---------- RAW DATA
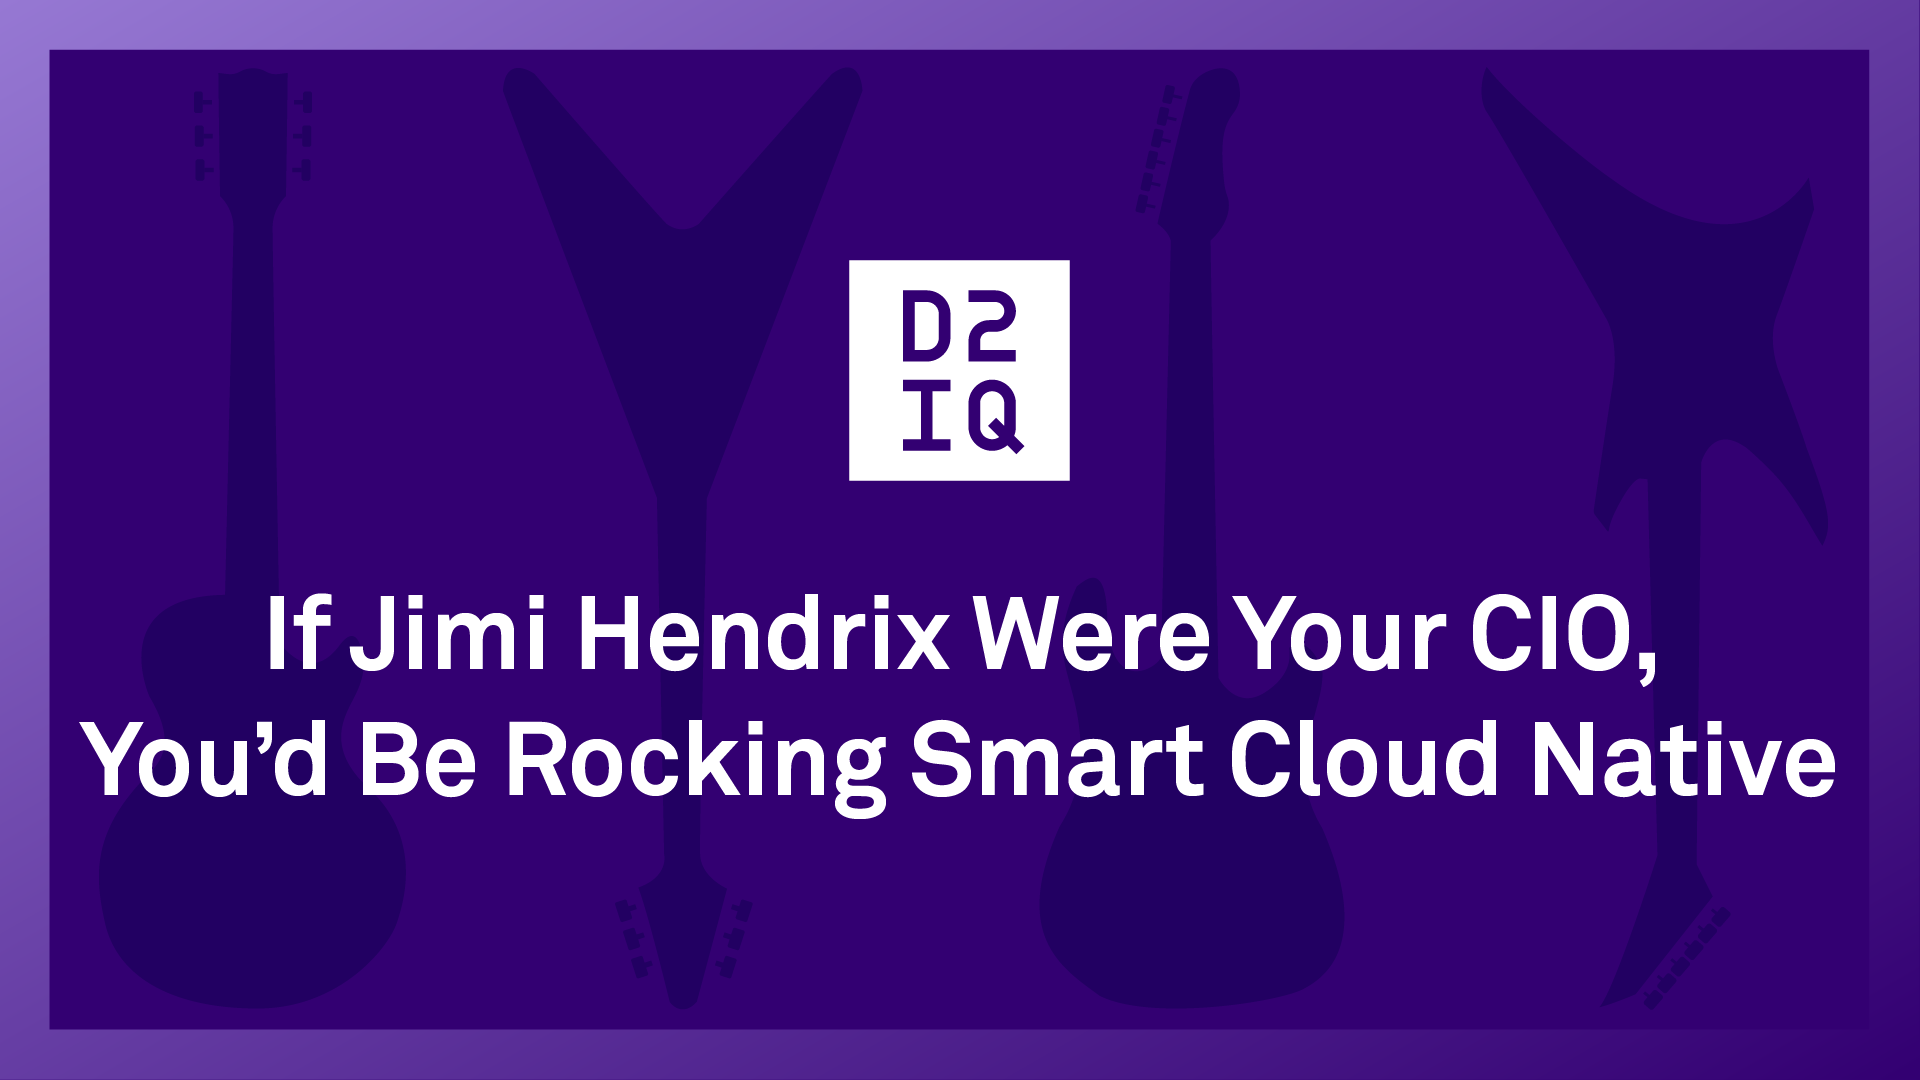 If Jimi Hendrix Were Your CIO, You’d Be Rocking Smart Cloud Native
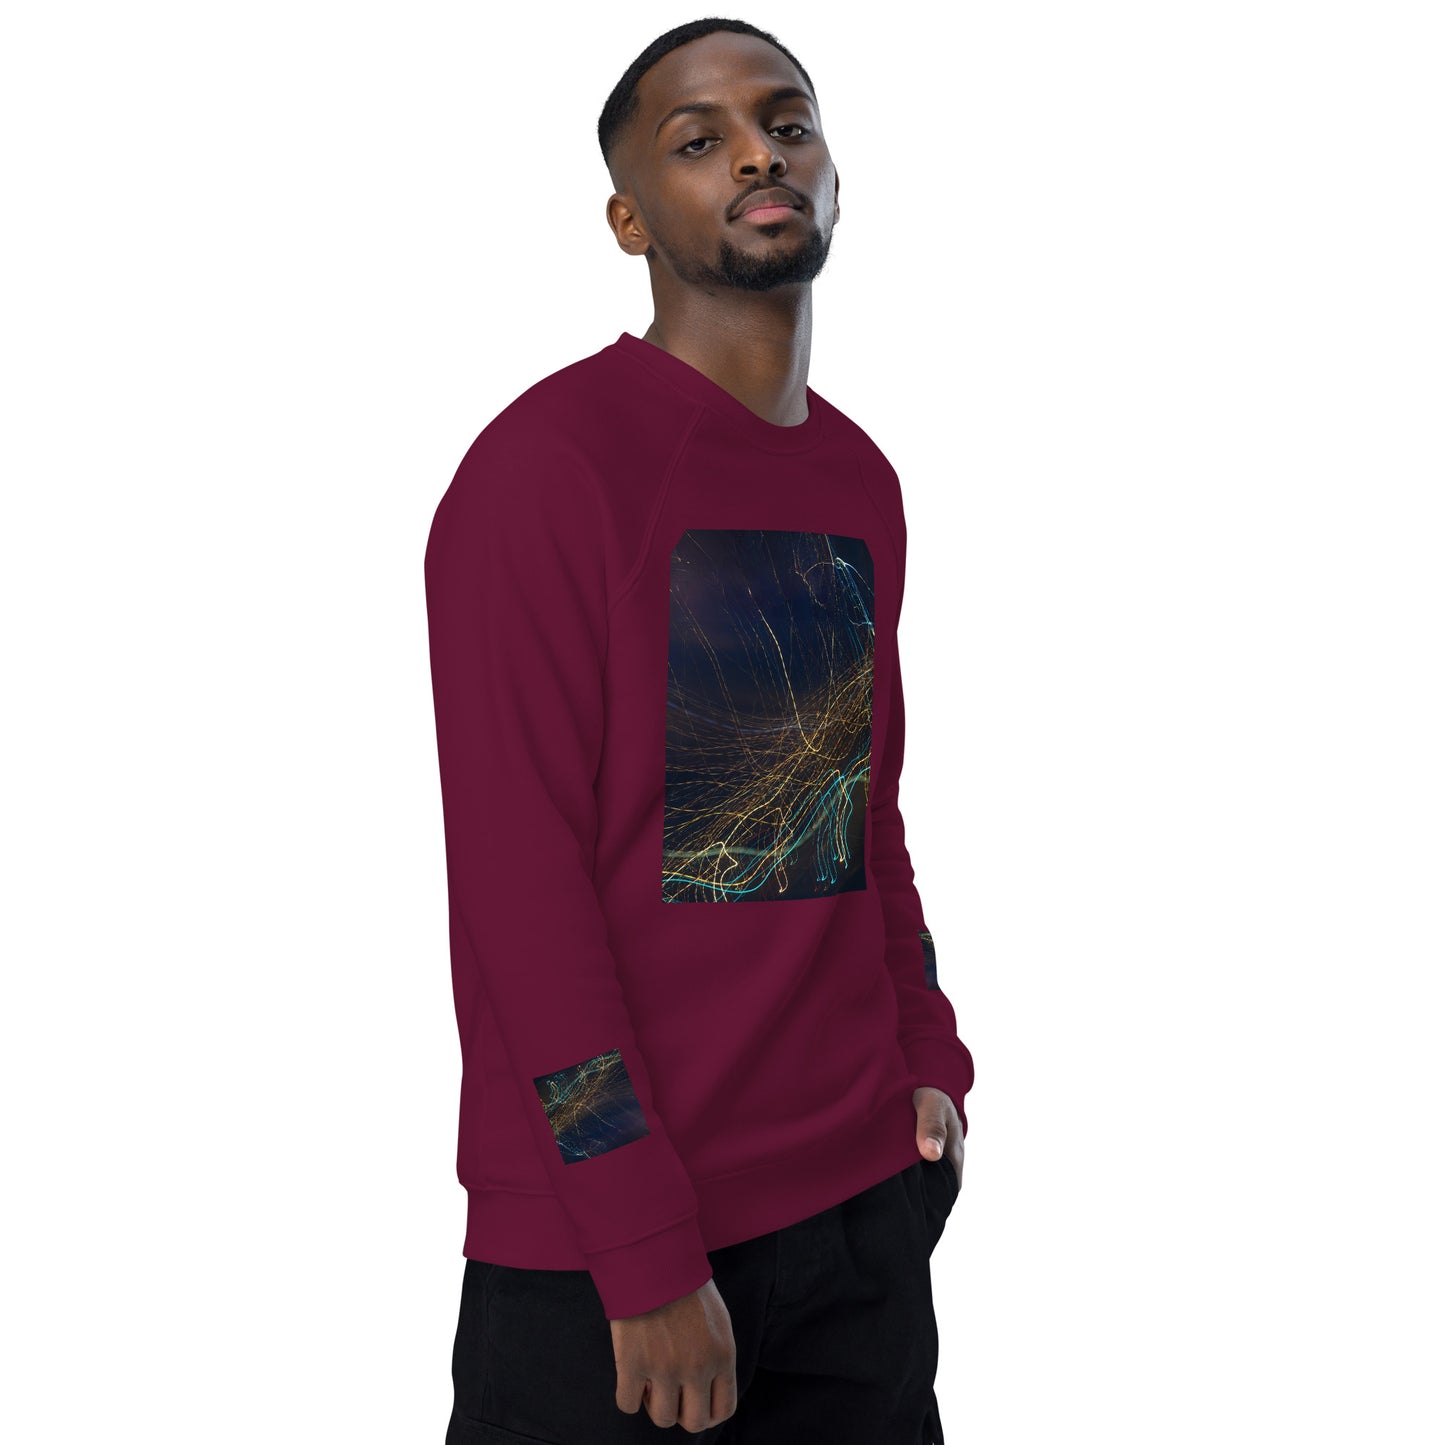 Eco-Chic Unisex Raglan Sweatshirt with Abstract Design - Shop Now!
--------------------
---------- RAW DATA
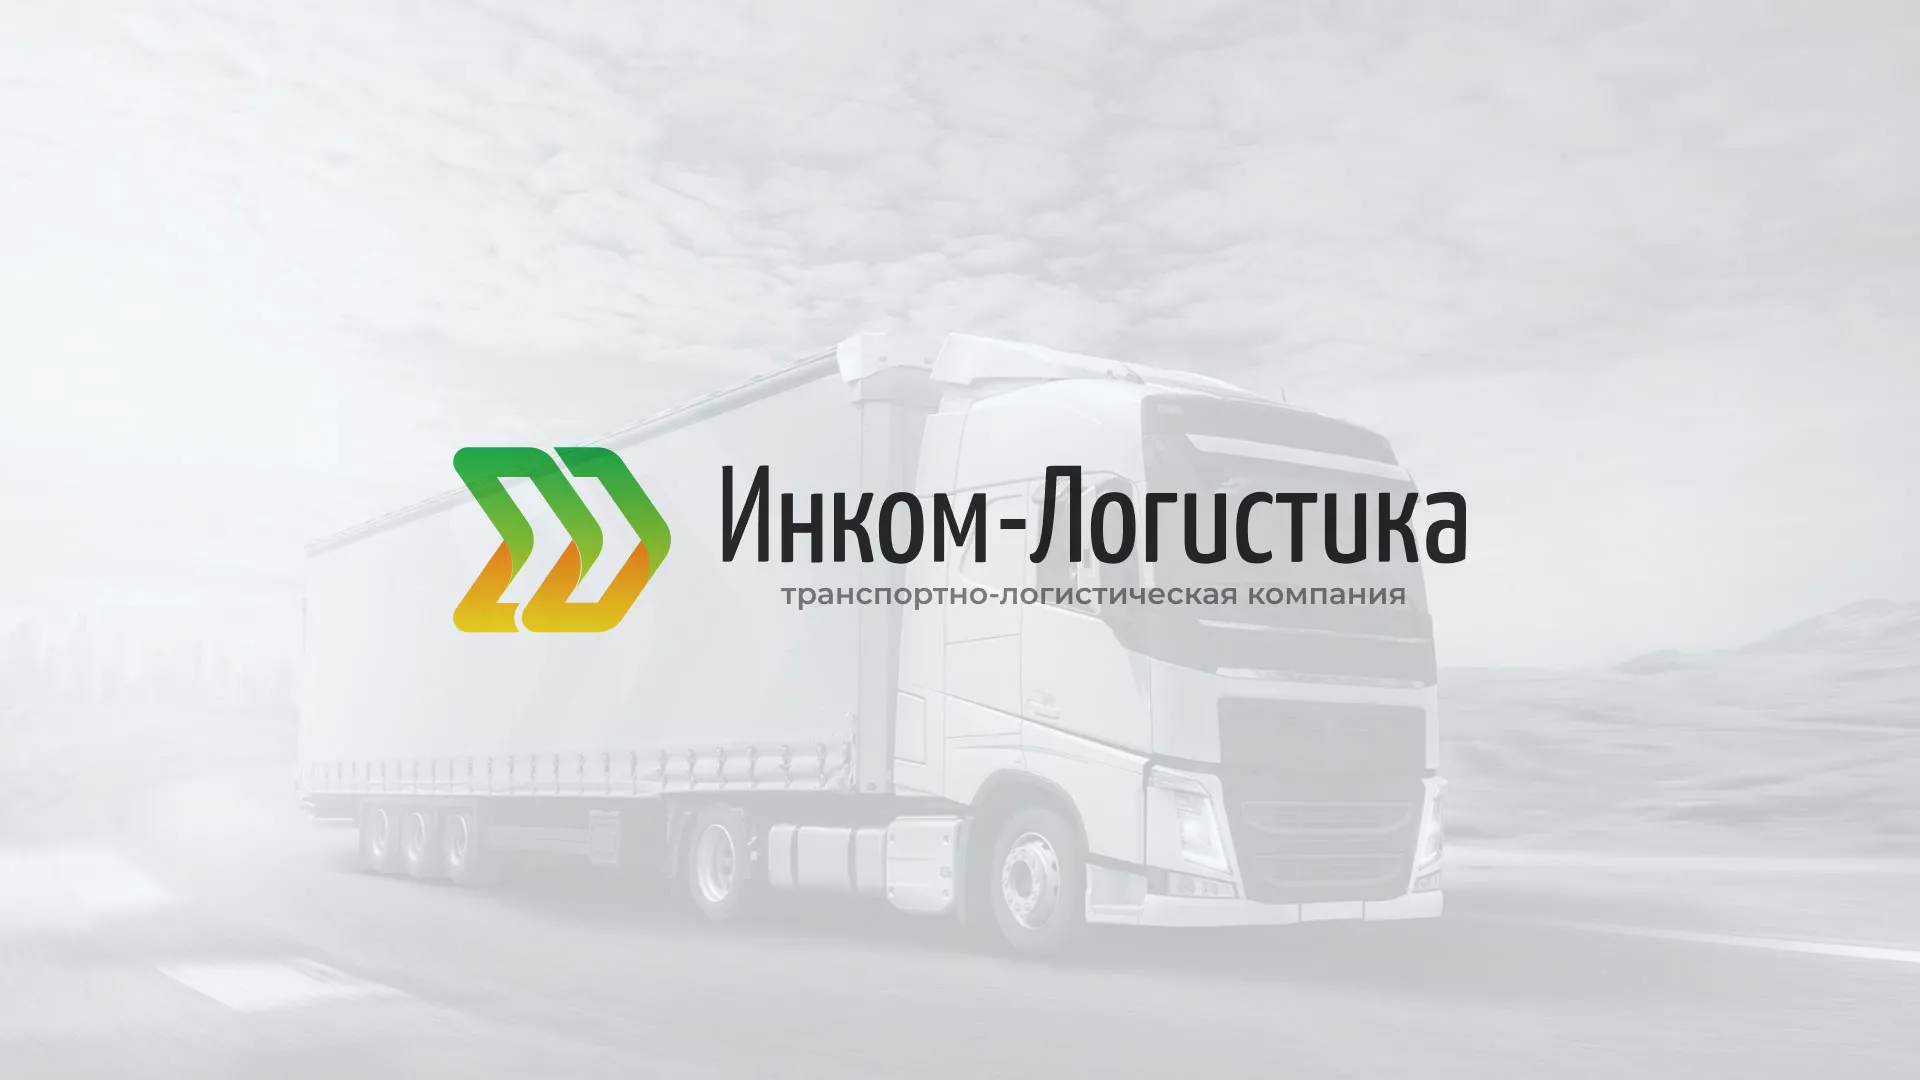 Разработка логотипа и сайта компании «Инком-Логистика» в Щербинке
--------------------
PROBLEM DETAILS: Of all the material above, only the lines from the one that has "If Jimi Hendrix" down to the one that has "Eco-Chic Unisex Raglan" are to be written out, exactly and with both ends included. Pictures are skipped.

RESULT OF THIS TASK:
 If Jimi Hendrix Were Your CIO, You’d Be Rocking Smart Cloud Native
 Eco-Chic Unisex Raglan Sweatshirt with Abstract Design - Shop Now!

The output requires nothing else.